What is expected =>
After locating "Poodle Bionic women’s" in the listing below, copy that line and each one after it exactly, ending with the line that has "mo-tsaruto piano concerto".

*** Opening Material provided ***

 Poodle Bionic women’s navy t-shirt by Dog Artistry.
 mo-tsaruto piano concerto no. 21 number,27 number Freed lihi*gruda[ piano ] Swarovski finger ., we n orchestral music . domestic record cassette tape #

*** Closing Material provided ***
*** Opening Material provided ***

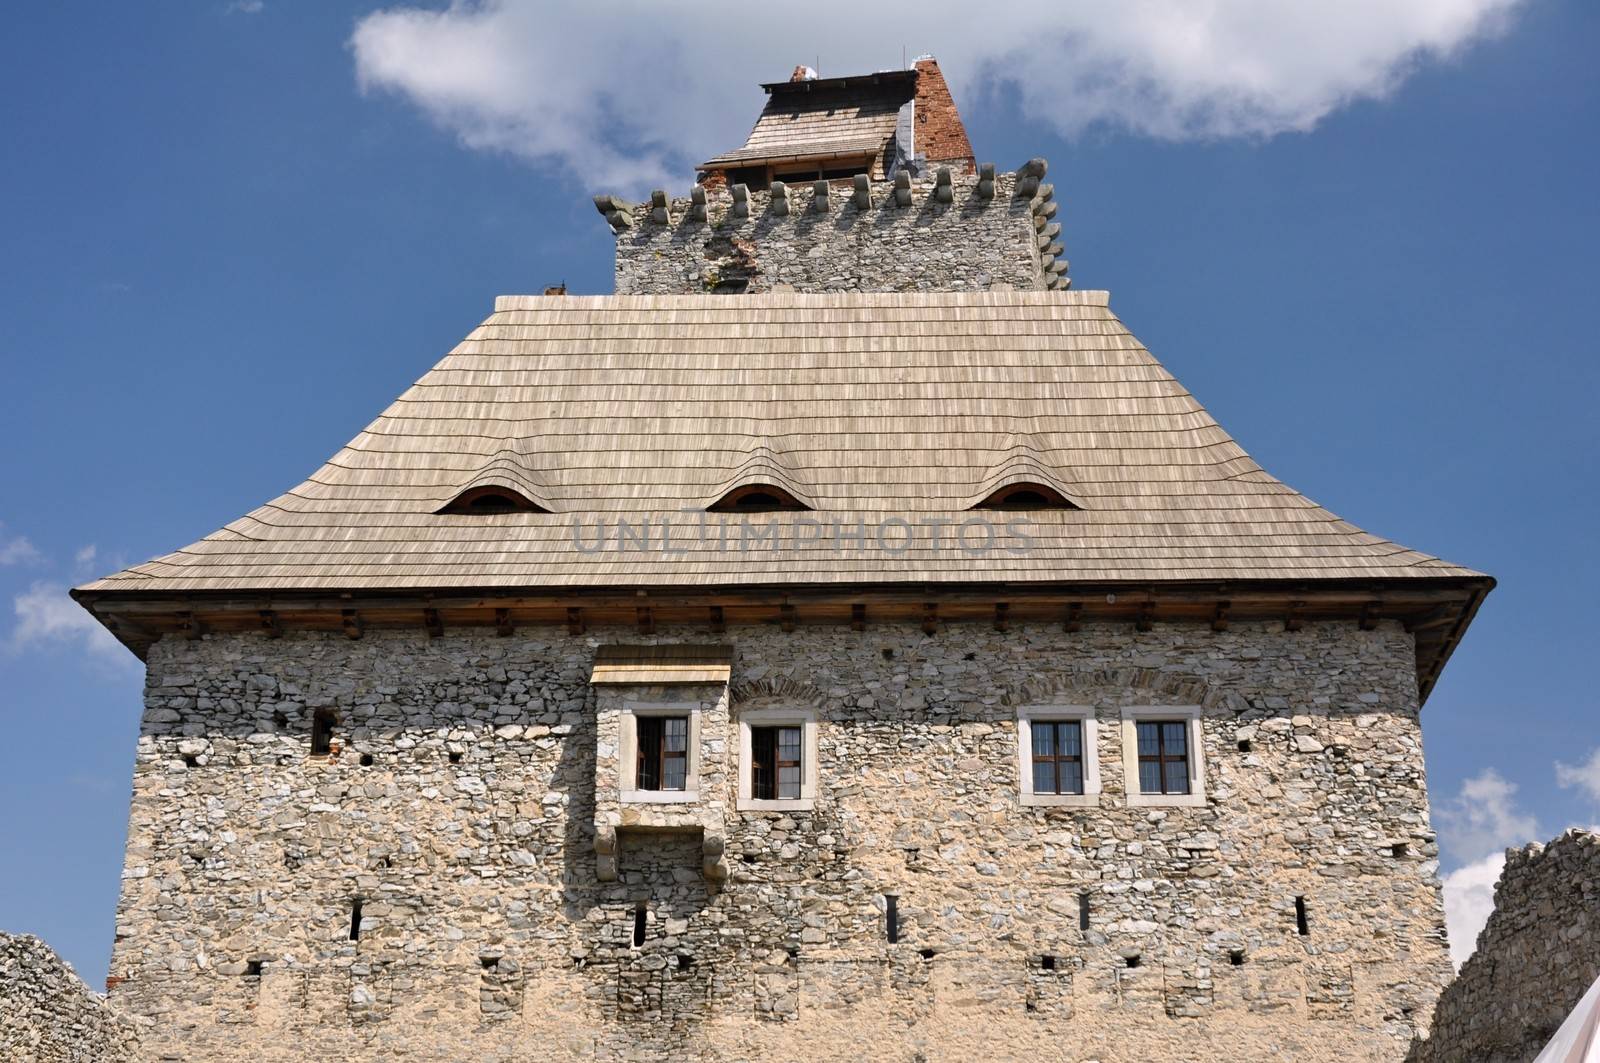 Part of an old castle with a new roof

*** Closing Material provided ***

Written reply =>
 Poodle Bionic women’s navy t-shirt by Dog Artistry.
 mo-tsaruto piano concerto no. 21 number,27 number Freed lihi*gruda[ piano ] Swarovski finger ., we n orchestral music . domestic record cassette tape #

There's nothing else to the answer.